This document discusses Aristotle's distinction between poíêsis and prãxis. Poíêsis refers to instrumental actions aimed at achieving some end product, like building a house. Prãxis refers to meaningful actions that are an end in themselves and fulfill a vital need, like living in a house. While poíêsis involves a process to achieve an end result, prãxis coincides the action and its meaning. Modern languages have merged these concepts, focusing on the doing or production aspect rather than meaningful action. This has relegated a dimension of human existence to the unconscious by no longer distinguishing these types of actions. Analyzing conceptual genealogy can still uncover traces of disappeared concepts.
This document discusses Aristotle's distinction between poíêsis and prãxis. Poíêsis refers to instrumental actions aimed at achieving some end product, like building a house. Prãxis refers to meaningful actions that are an end in themselves and fulfill a vital need, like living in a house. While poíêsis involves a process to achieve an end result, prãxis coincides the action and its meaning. Modern languages have merged these concepts, focusing on the doing or production aspect rather than meaningful action. This has relegated a dimension of human existence to the unconscious by no longer distinguishing these types of actions. Analyzing conceptual genealogy can still uncover traces of disappeared concepts.
This document discusses Aristotle's distinction between poíêsis and prãxis. Poíêsis refers to instrumental actions aimed at achieving some end product, like building a house. Prãxis refers to meaningful actions that are an end in themselves and fulfill a vital need, like living in a house. While poíêsis involves a process to achieve an end result, prãxis coincides the action and its meaning. Modern languages have merged these concepts, focusing on the doing or production aspect rather than meaningful action. This has relegated a dimension of human existence to the unconscious by no longer distinguishing these types of actions. Analyzing conceptual genealogy can still uncover traces of disappeared concepts.
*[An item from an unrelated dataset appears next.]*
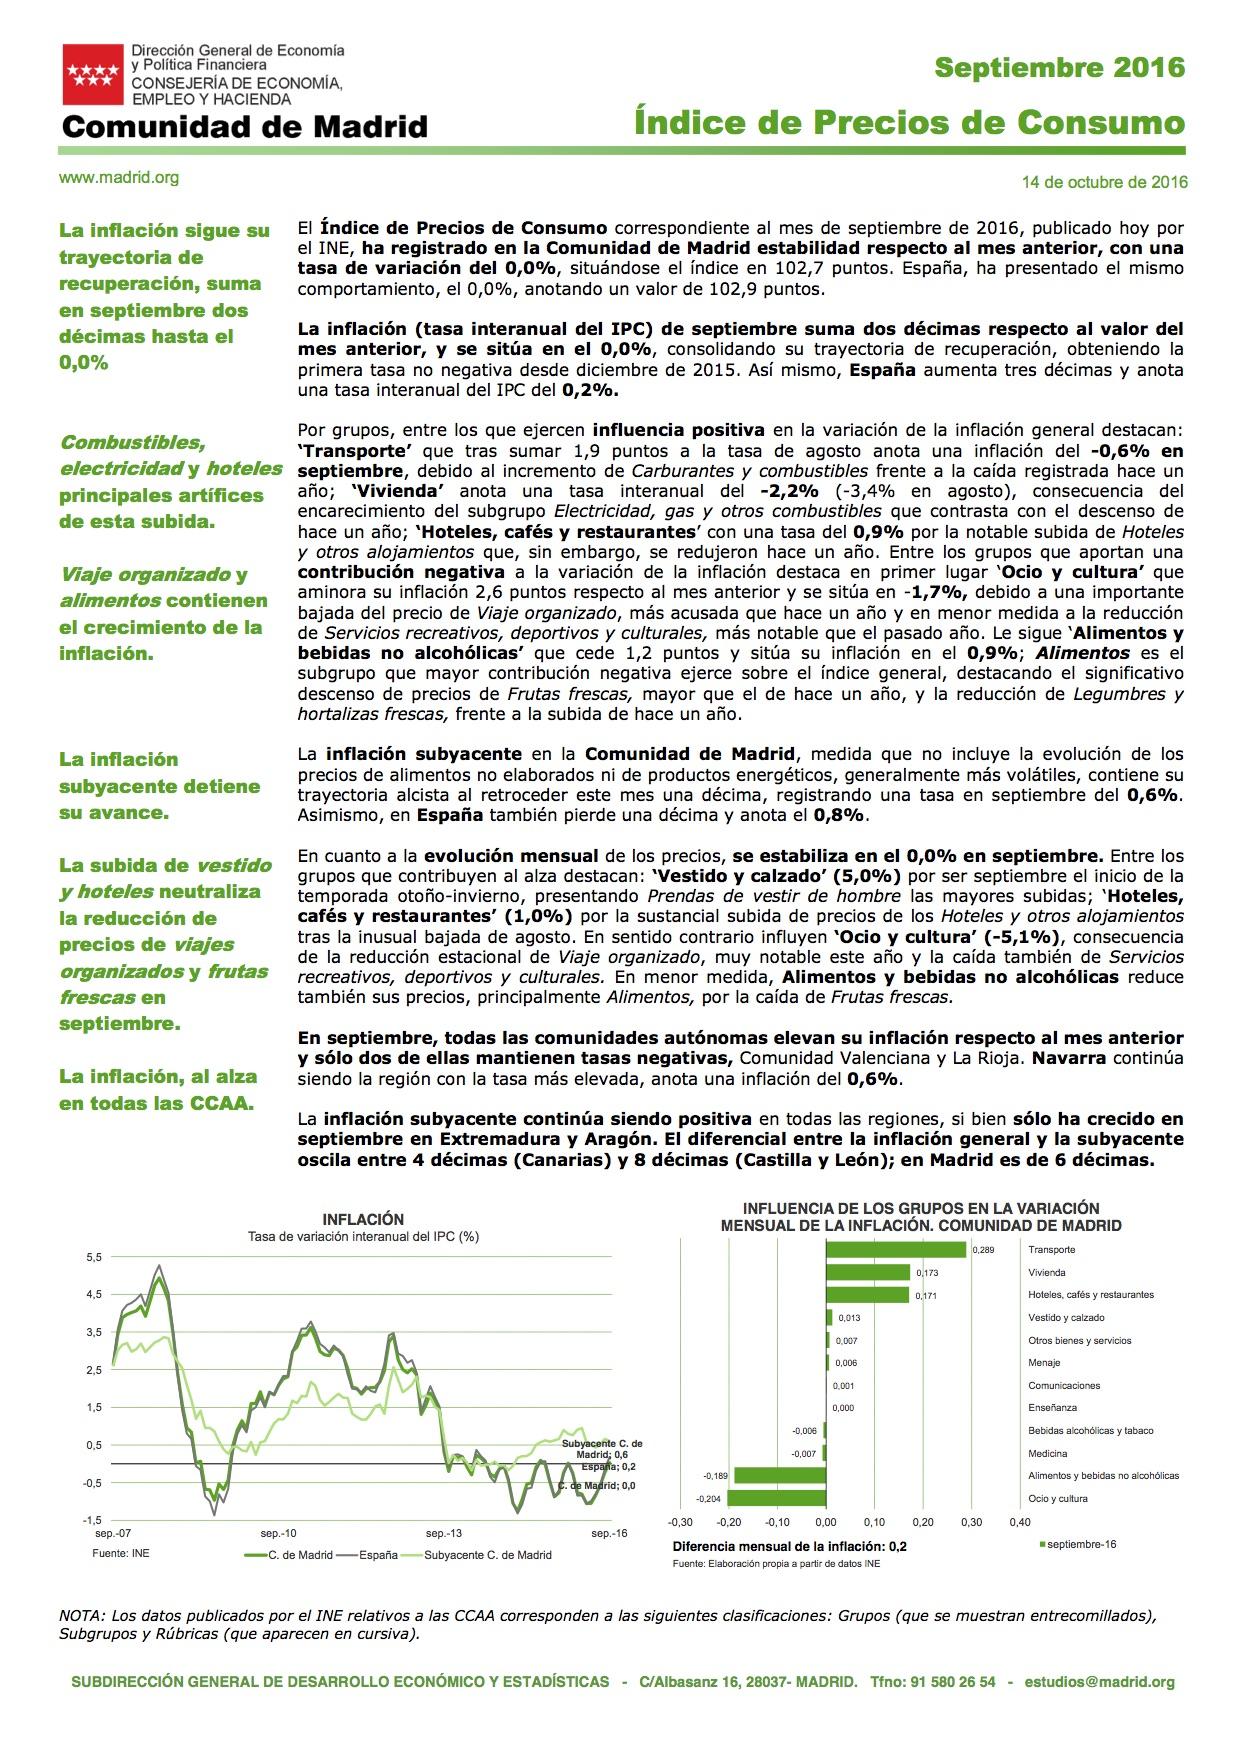 nota2-ipc-septiembre-2016-comunidad-de-madrid
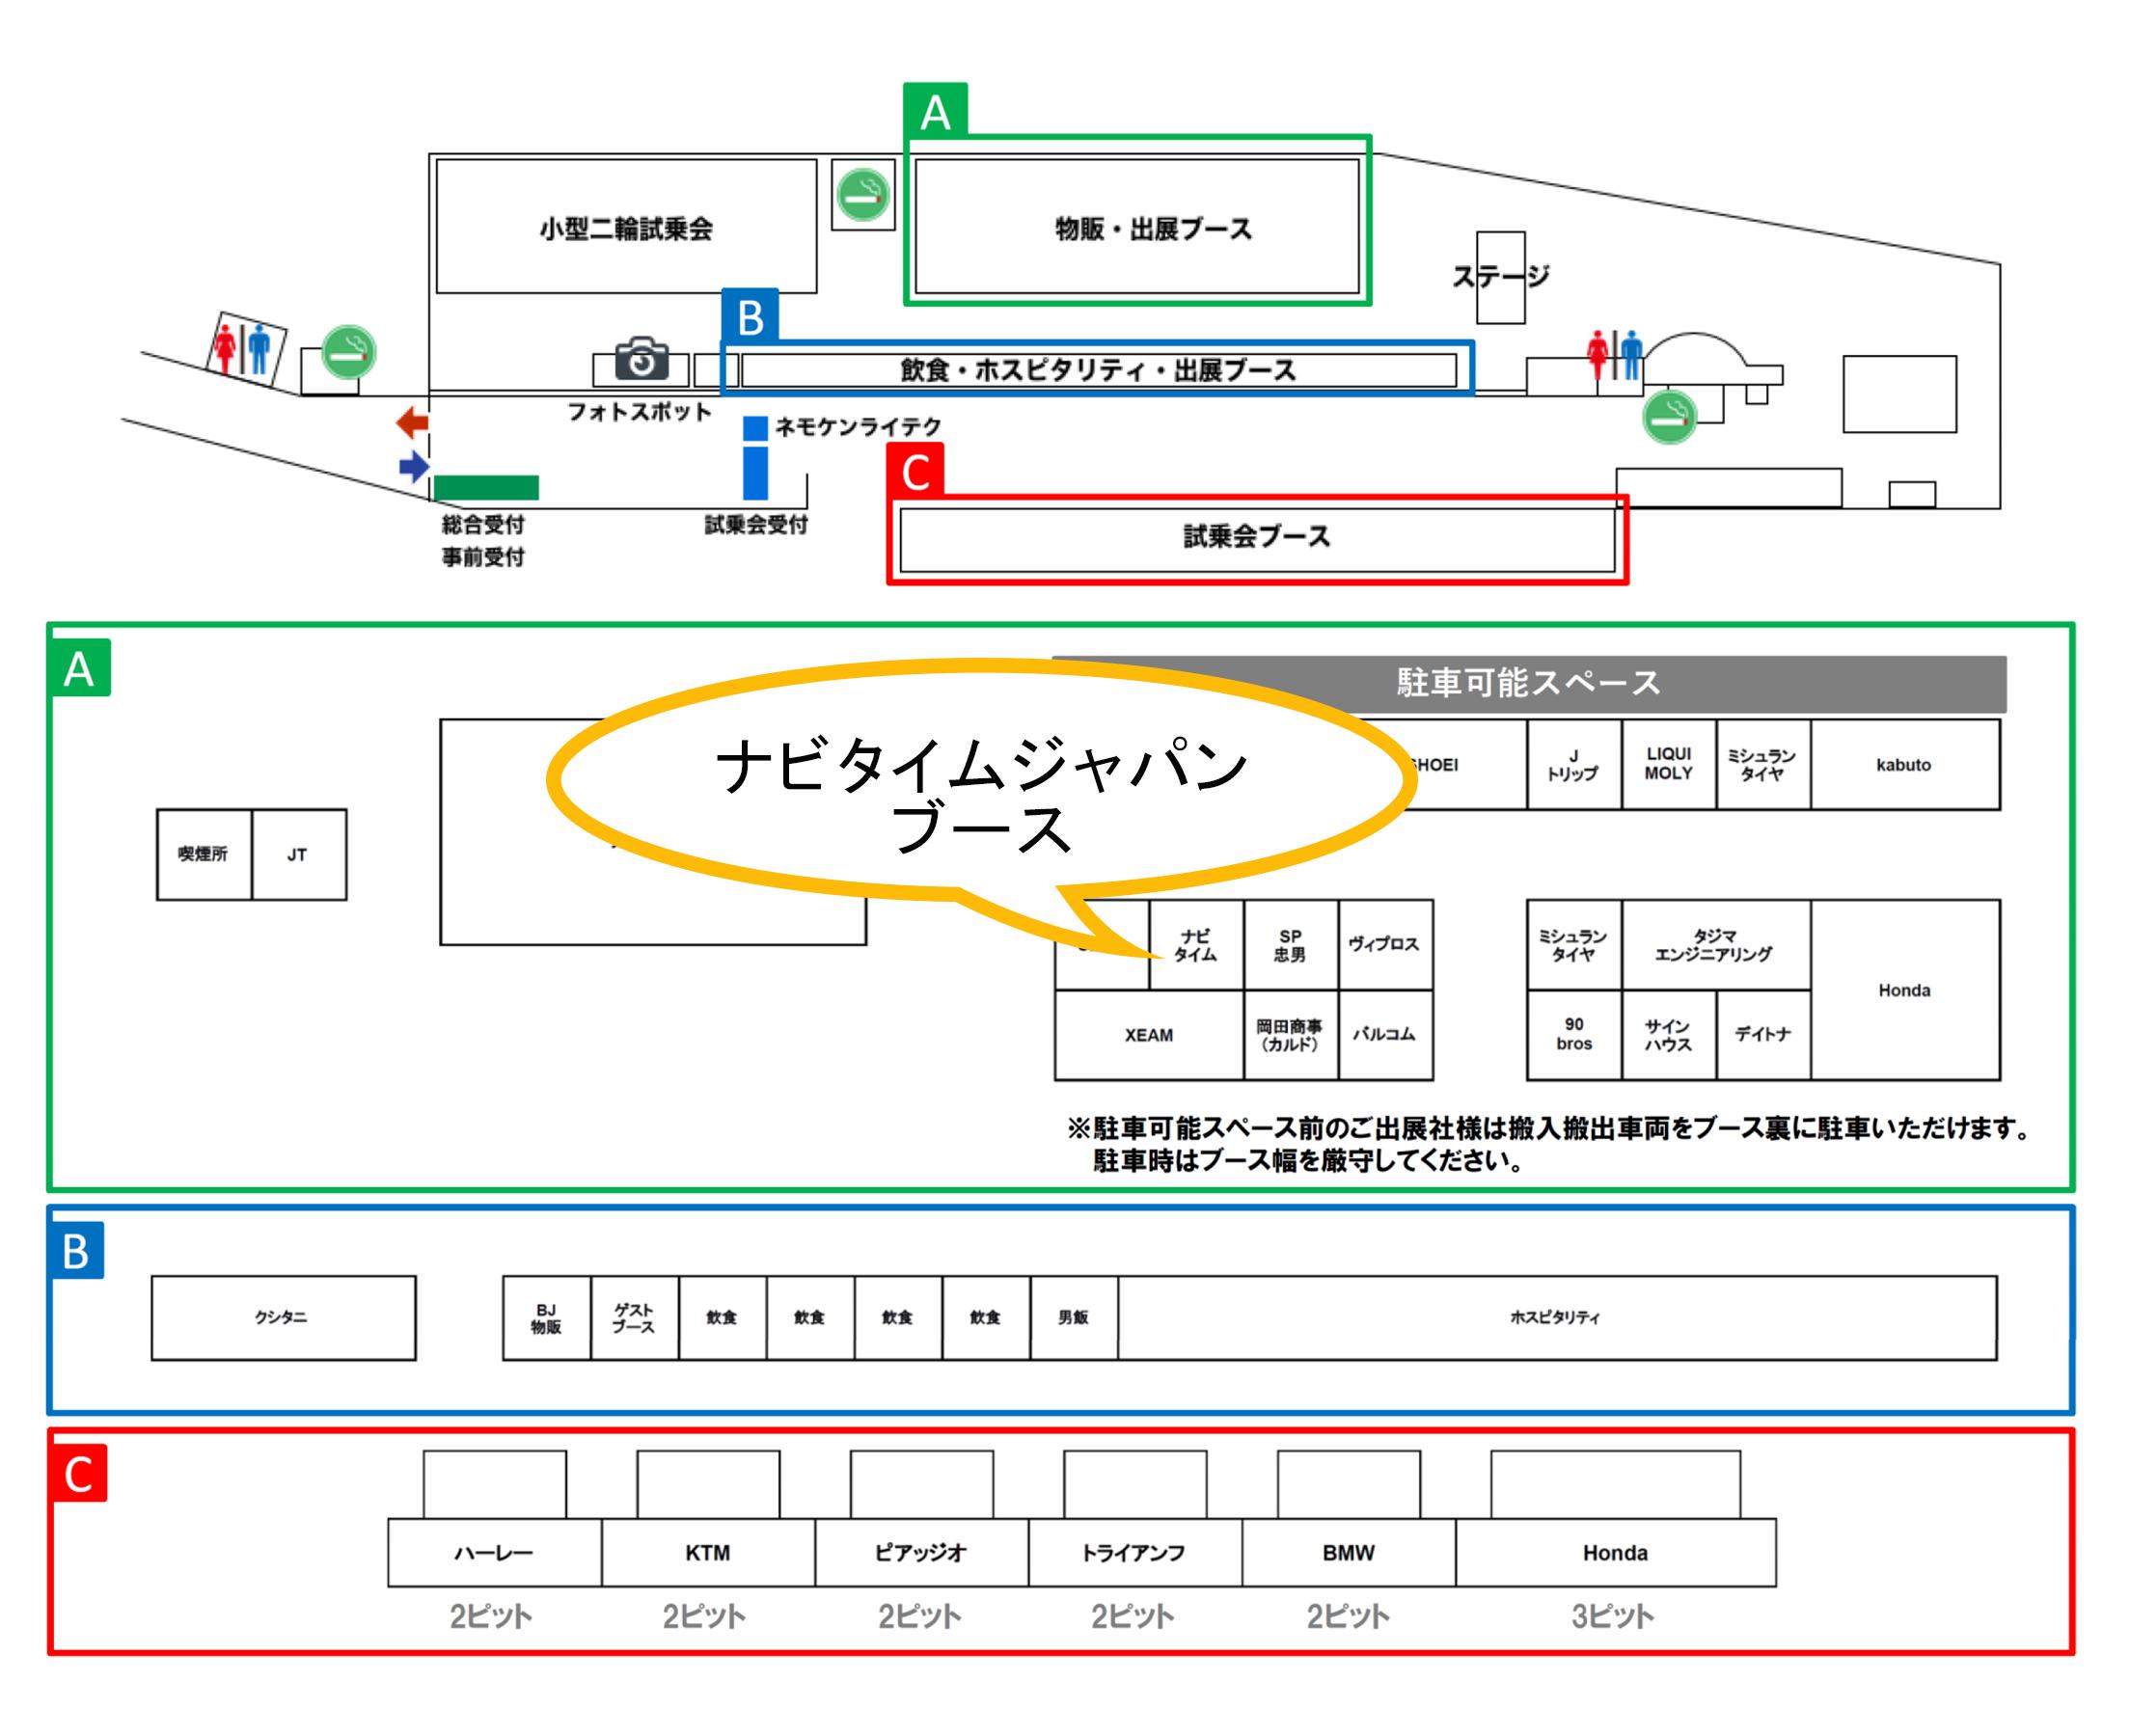 http://corporate.navitime.co.jp/topics/b1cc481ca96067a87a5eadbc259f658589791b7d.png

A repeated activity generated, according to Aristotle, a
rational habitus or competence in the practising subject. The distinction between poìêsis and prãxis meant for him to distinguish between instrumental activities and actions that have their own meaning in themselves. An instrumental action is one that is carried out in order to achieve an intended end (for example, building a house). The meaning of these actions lies outside them, in the end achieved. An action with its own meaning, on the other hand, is one that brings about our own fulfilment, the satisfaction of a vital need (for example, to live in the house). Productive action involves a process that takes time until it reaches its end. The end and the process do not occur simultaneously in productive action. Only when the production process has finished does the realised end appear. The meaning-creating action is not a process, but is, so to speak, an end in itself. The action and its meaning coincide. As long as the action is realised, its meaning and its end are realised, otherwise they disappear. That is why the word end is inadequate and should be reserved for the result of instrumental or productive action. The expression "end in itself" is a way of expressing meaningful action in instrumental terms. I prefer to distinguish between purpose and meaning.
The two Aristotelian concepts (poíêsis och prãxis) have
merged into one word in our modern languages. While the word poíêsis has been reserved for poetic activity(4), abandoning its former use, our practical word has come to replace both concepts at the same time, but its proper meaning for us, the aspect from which it is understood, is the doing, the productive or instrumental performance, what Aristotle called poíêsis. Poiesis displaces Aristotelian praxis and takes over its name and identity. Our modern techno- addicted mentality no longer sees the need to distinguish between two types of human action, between meaning and instrumentality. A whole dimension of our existence, which for Aristotle was fully actualised, is relegated for us to the unconscious. For the function of the concept is to actualise something in consciousness, and when this disappears from cultural consciousness, demanding its character as something, its concept becomes superfluous. An investigation of conceptual genealogy can nevertheless discover the traces of disappeared concepts.